Lab Zero Games, the indie developer behind fighting game Skullgirls, is working with publisher 505 Games to bring its next title, side-scrolling action role-playing game Indivisible, to life. The developer is also co-funding development of the game through Indiegogo, the crowdfunding website that Lab Zero used previously to fund a slate of new characters for Skullgirls.

Indivisible was announced at this year's Anime Expo alongside a teaser trailer. Lab Zero says the game is similar in design to Valkyrie Profile, "with the addition of Metroid-like traversal and progression abilities." Secret of Mana composer Hiroki Kikuta is attached to score the game.

On 505's website, Lab Zero CEO Peter Bartholow explained that the developer's relationship with the publisher will help the team build a playable prototype, but that crowdfunding — and matching contributions from 505 — will ultimately make the game possible.

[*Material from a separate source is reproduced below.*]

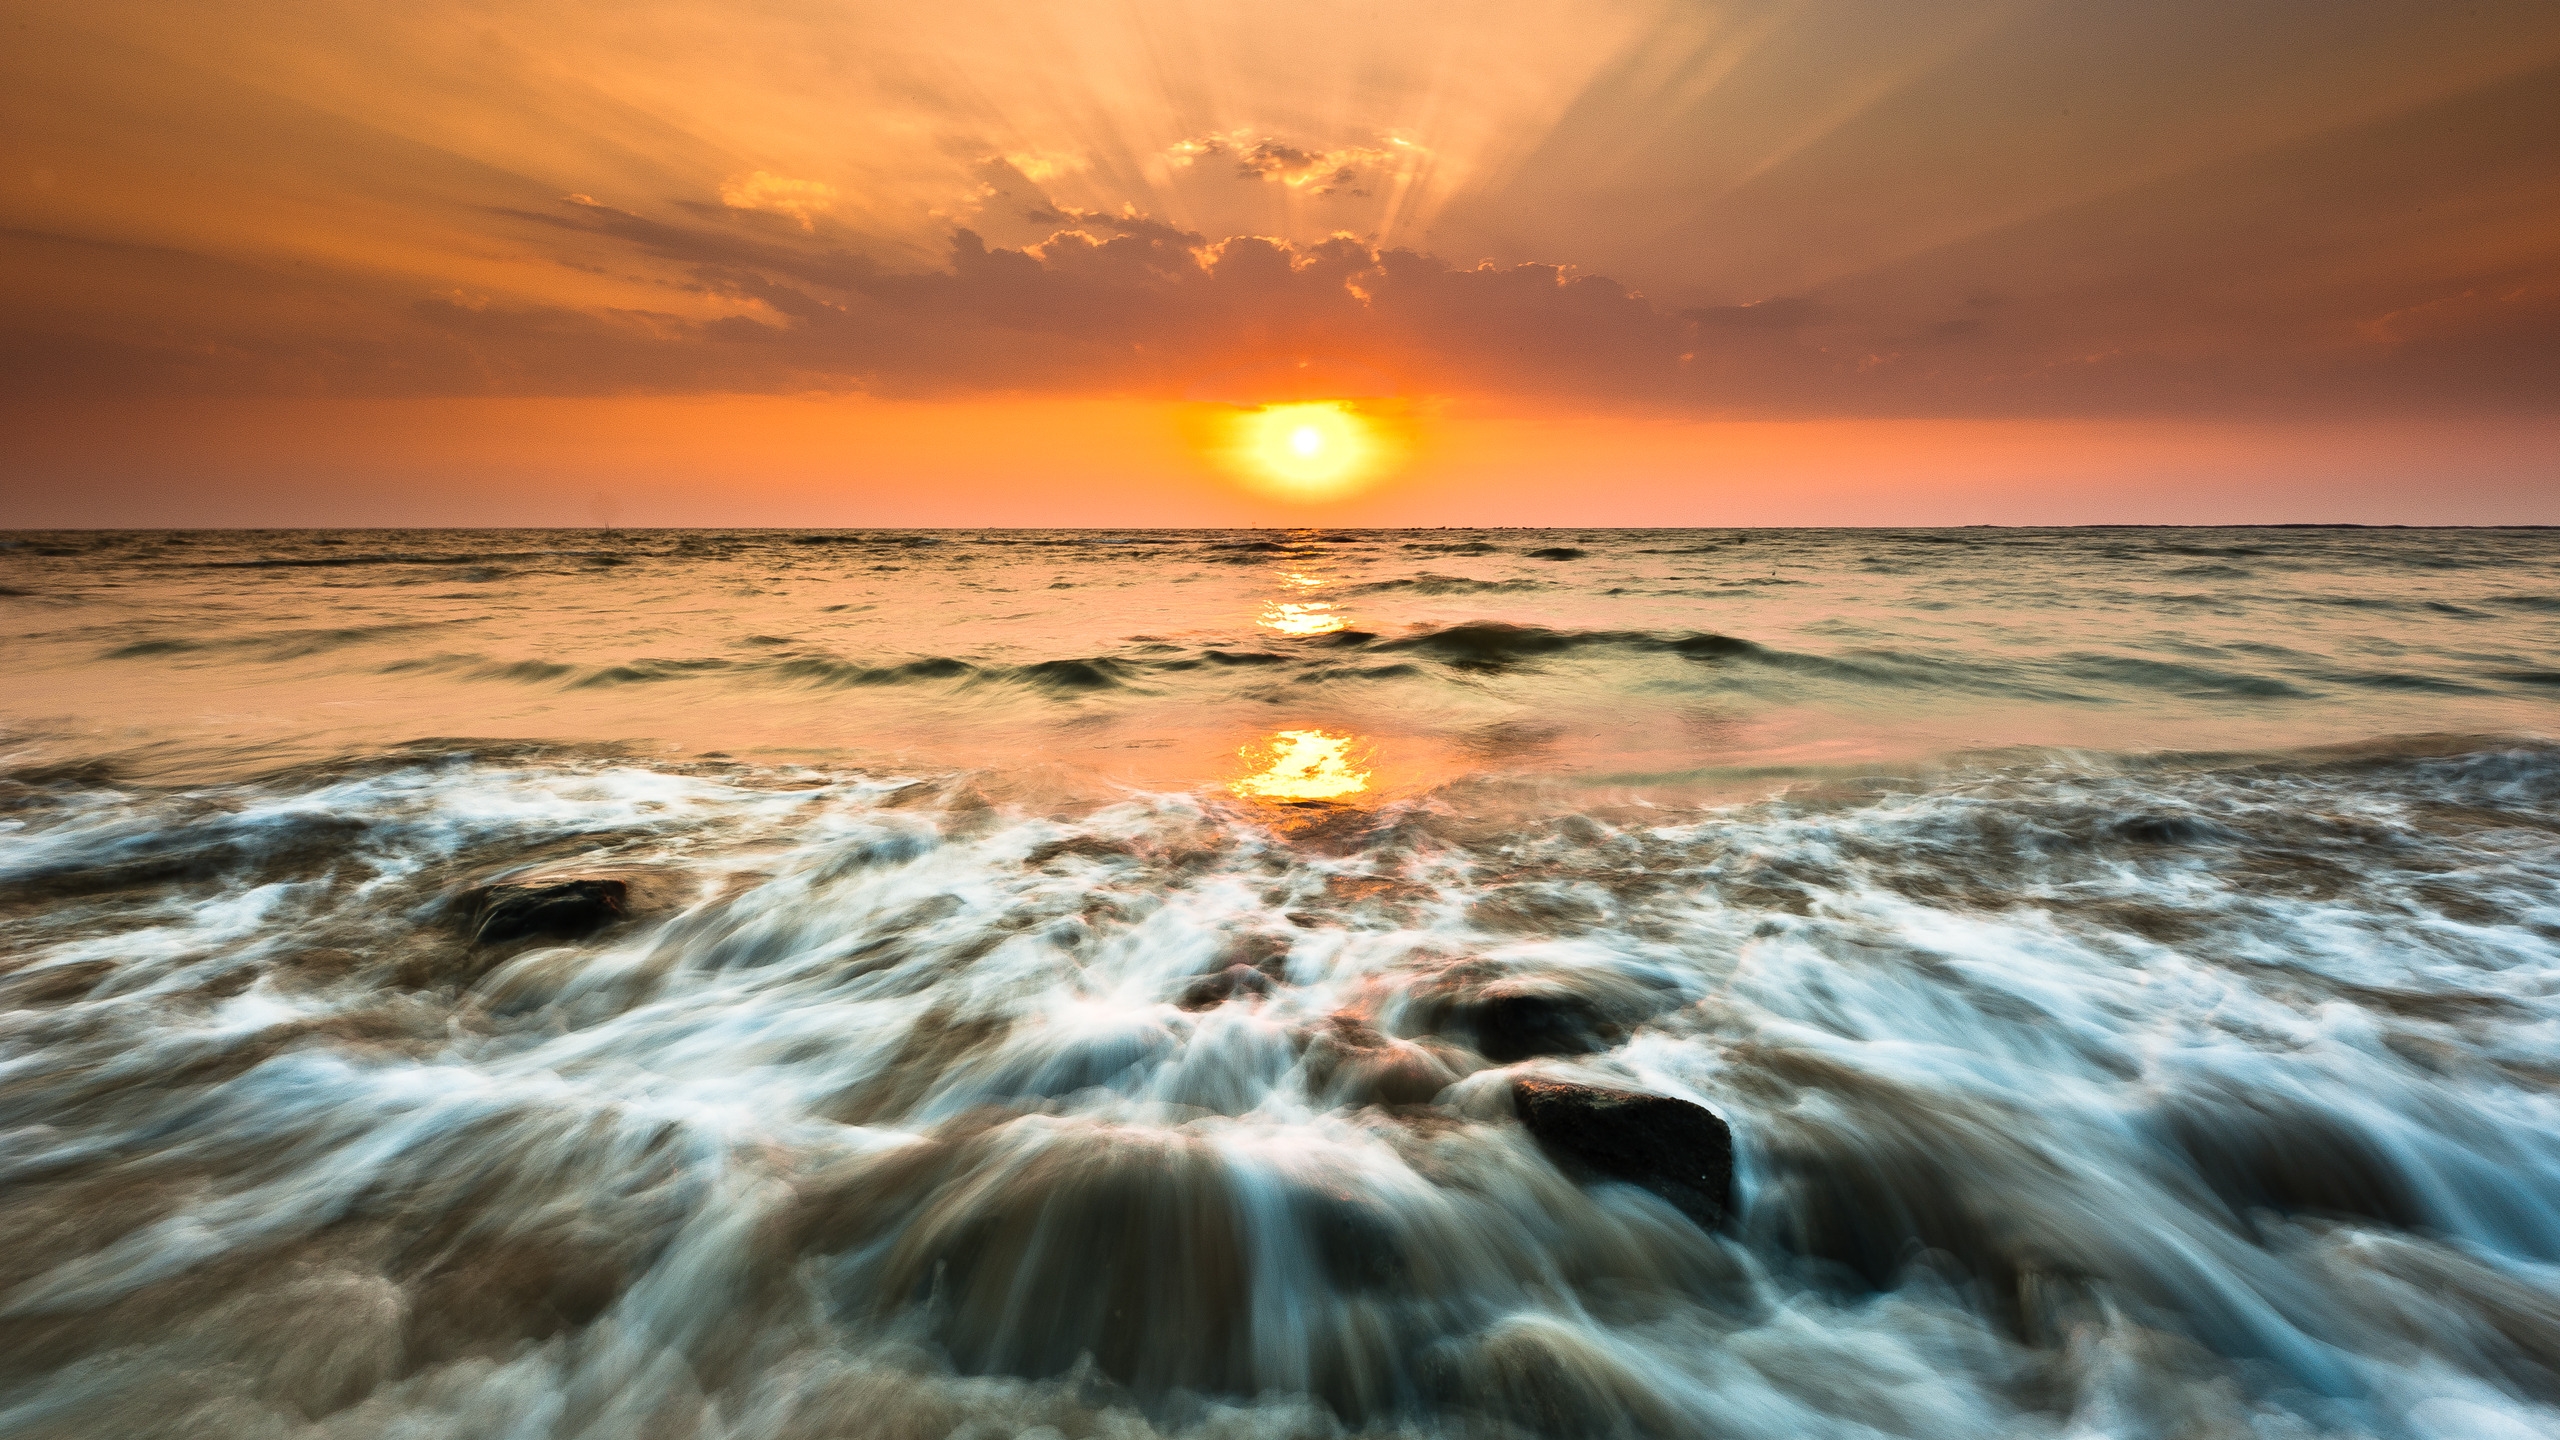 Gorai Beach Sunset for 2560x1440 HDTV resolution

"If we meet or exceed our goal, 505 will contribute the remaining development budget, and full production will begin in earnest," Bartholow said. "So, up until the initial goal, 505 Games will effectively be matching your contributions. And the more money the Indiegogo campaign raises, the better the game gets, and the better the deal is for Lab Zero.

"To be clear, this isn't a campaign to 'gauge interest' — Indivisible represents a more equitable funding split, where your support directly influences not only the game, but also the post-release benefits Lab Zero receives. Indivisible will not happen if we don't hit our goal. But should the campaign succeed, Lab Zero will have a better outcome than we would've gotten through a more traditional publishing deal — that's the risk we took, and we feel it's a worthwhile tradeoff."

Lab Zero plans to release its playable prototype to the public and launch its crowdfunding campaign for Indivisible in September.

Skullgirls was released in 2012. The developer took to Indiegogo the following year in an effort to "keep Skullgirls growing" with the addition of new characters. Lab Zero initially sought $150,000 to add a new character to the game, and ultimately raised more than $820,000, funding additional characters, stages and voice packs.